7 - Programmes de calcul
Programme de calcul
Un programme de calcul est une suite d'opérations mathématiques appliquées à un nombre de départ. Il peut se traduire en programme Scratch ou en expression algébrique.
Exemple
Soit le programme de calcul :
- Choisir un nombre $x$
- Le multiplier par 3
- Ajouter 5 au résultat
Sa traduction en Scratch :
?
L'expression algébrique correspondante est $3x + 5$.
Vérification pour $x = 4$ : $3 \times 4 + 5 = 12 + 5 = 17$.
Remarque
Pour traduire un programme de calcul en Scratch :
- demander le nombre de départ et le stocker dans une variable ;
- appliquer chaque opération dans l'ordre, en utilisant une variable « résultat » ;
- afficher le résultat final avec le bloc « dire ».
Les questions essentielles
1. Comment construire une figure avec Scratch ?
Il faut utiliser les blocs du stylo (effacer tout, stylo en position d'écriture) et les blocs de mouvement (avancer, tourner). Pour un polygone régulier à $n$ côtés, on utilise une boucle « répéter $n$ fois » avec un angle de rotation de $\dfrac{360}{n}$ degrés.
Voir la fiche méthode : Construire une figure géométrique avec Scratch
2. Comment utiliser une variable dans Scratch ?
Il faut créer la variable dans le menu Variables, l'initialiser avec « mettre ... à ... », puis la modifier avec « ajouter ... à ... » ou en lui affectant une nouvelle valeur. On peut suivre l'évolution des variables avec un tableau de valeurs pas à pas.
Voir la fiche méthode : Utiliser une variable dans Scratch
3. Comment choisir entre « si alors » et « si alors sinon » ?
On utilise « si ... alors » quand il n'y a rien de particulier à faire lorsque la condition est fausse. On utilise « si ... alors ... sinon » quand il y a deux cas distincts à traiter.
Voir la fiche méthode : Utiliser une instruction conditionnelle dans Scratch
4. Comment choisir le bon type de boucle ?
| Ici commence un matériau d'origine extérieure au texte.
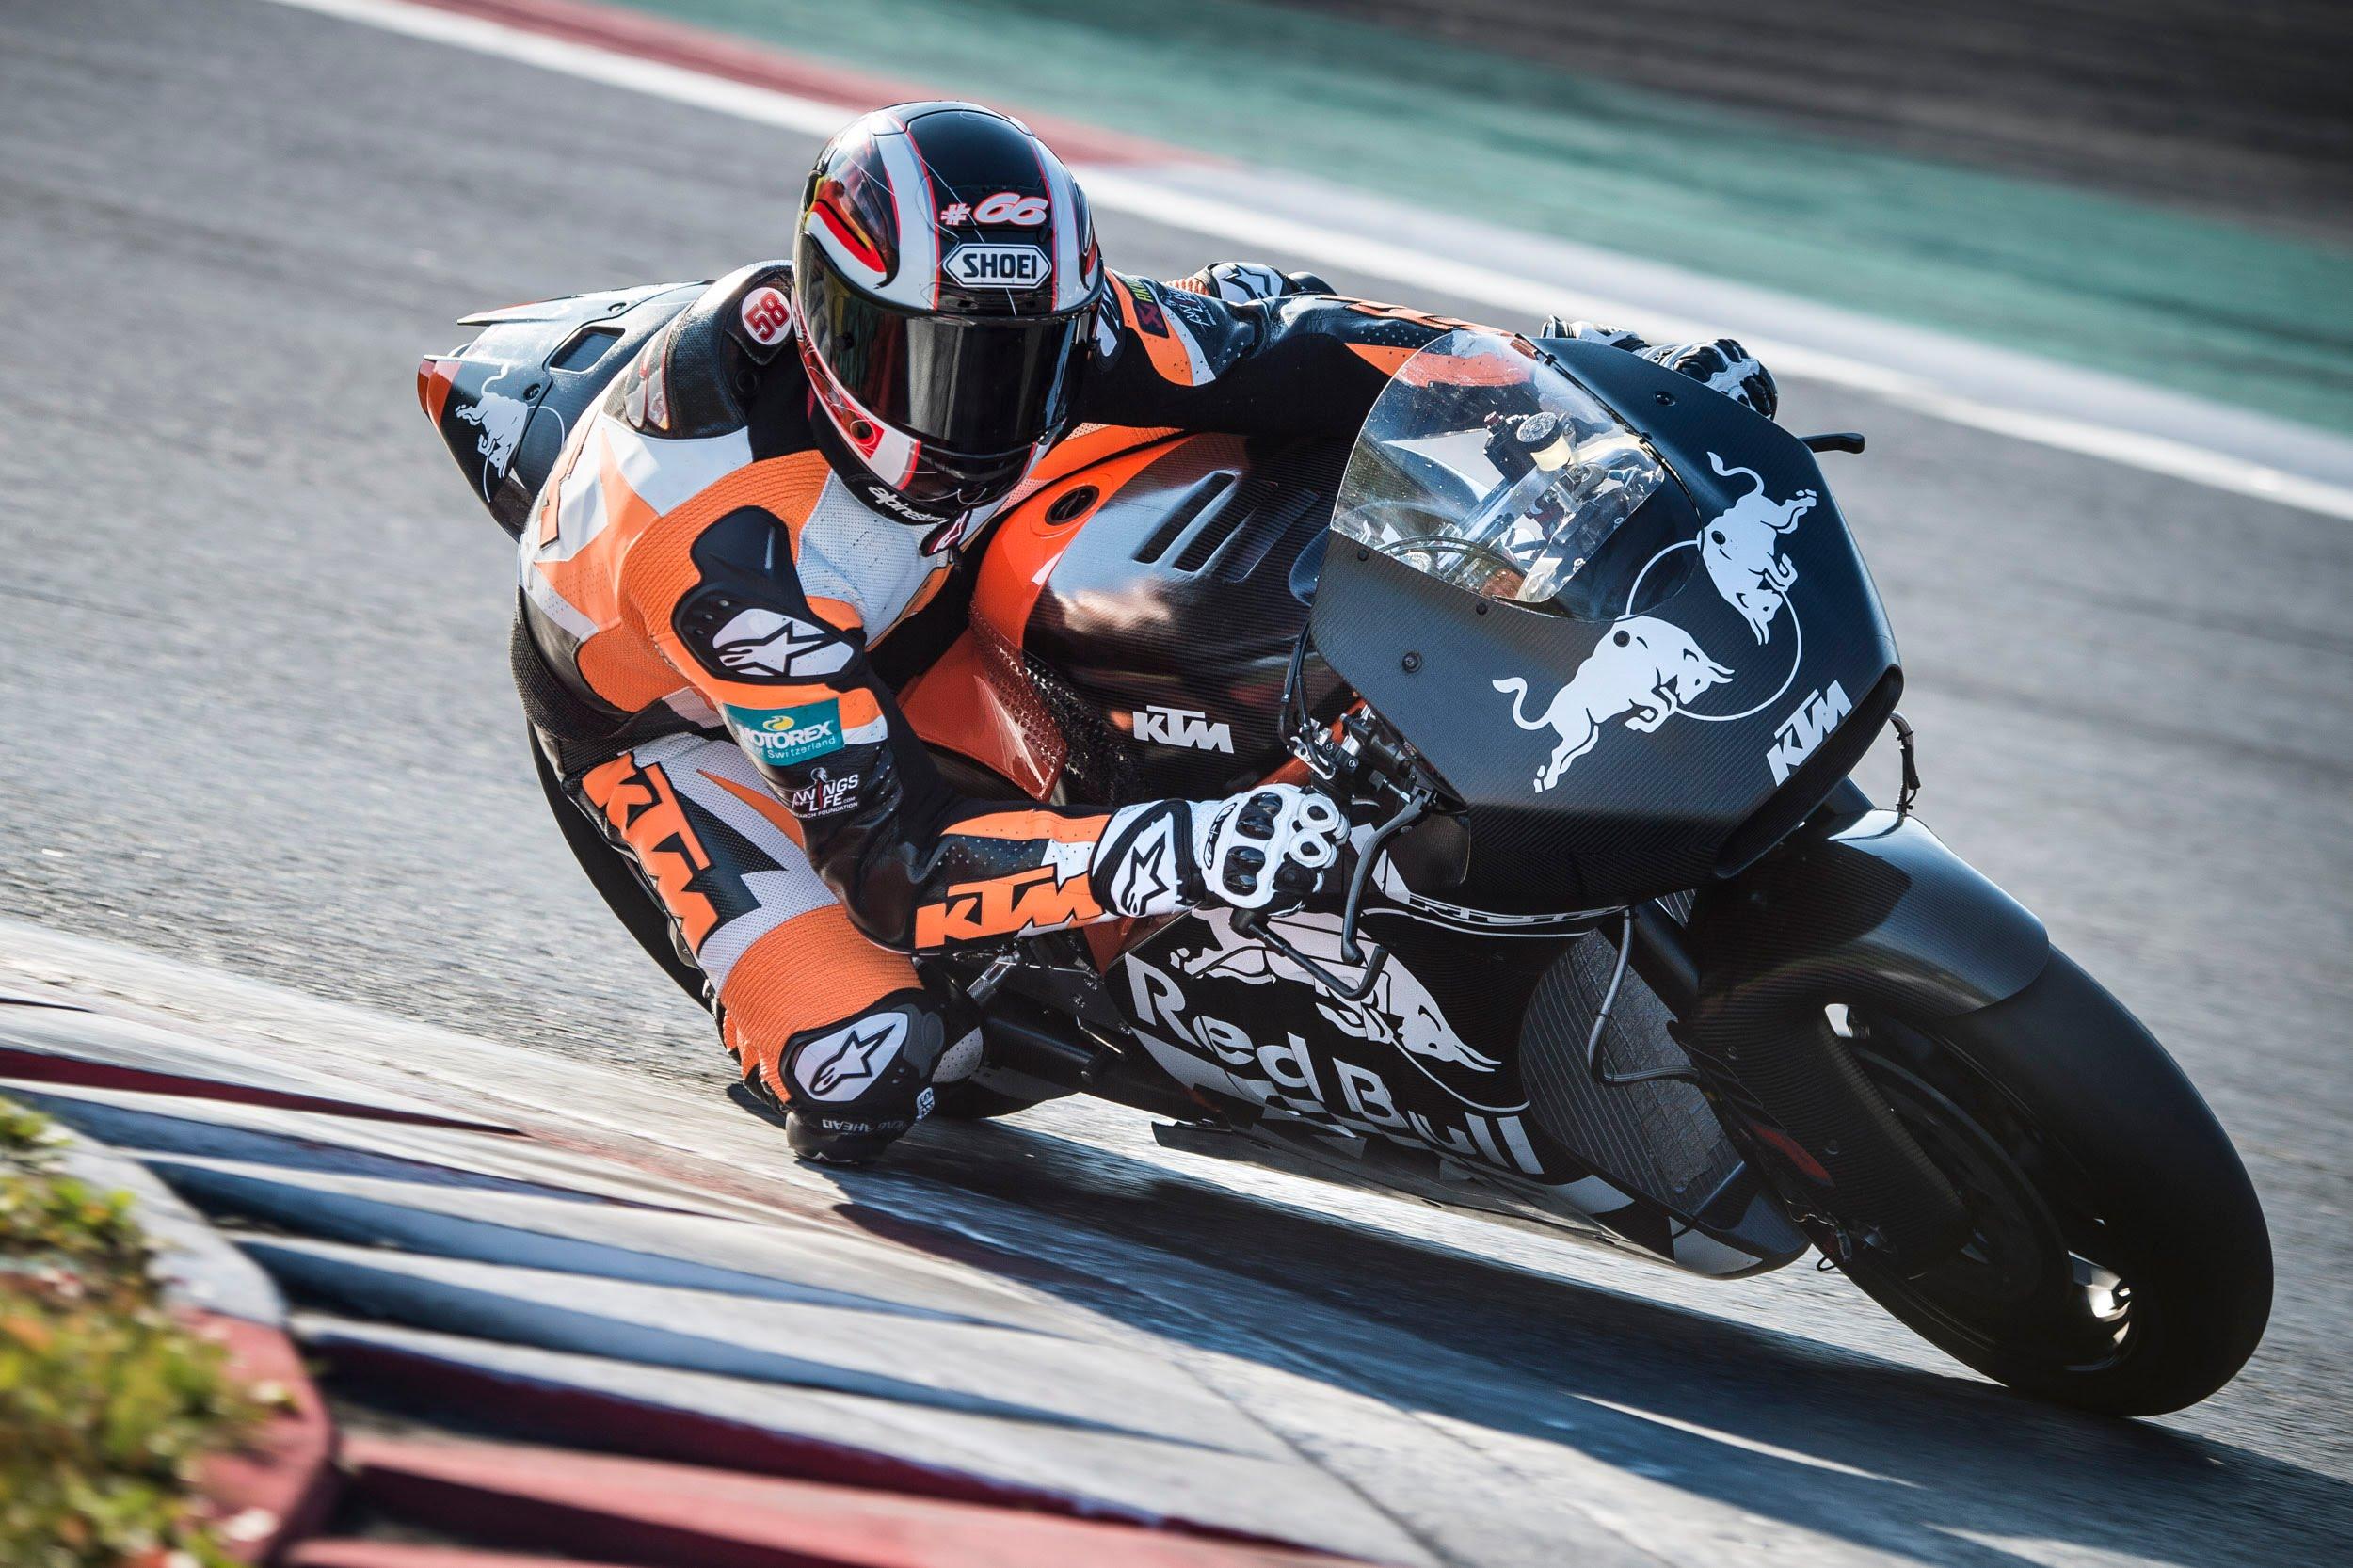 KTM-Rc16-MotoGP-autonovosti.me-3

Si le nombre de répétitions est connu à l'avance, on utilise « répéter N fois ». Si on ne sait pas combien de fois il faudra répéter et qu'on attend qu'une condition soit vérifiée, on utilise « répéter jusqu'à ».
Voir la fiche méthode : Utiliser une boucle dans Scratch
5. Comment traduire un programme de calcul en Scratch ?
On demande le nombre de départ avec « demander ... et attendre », on le stocke dans une variable, puis on traduit chaque opération du programme par le bloc Scratch correspondant (opérateurs et variables).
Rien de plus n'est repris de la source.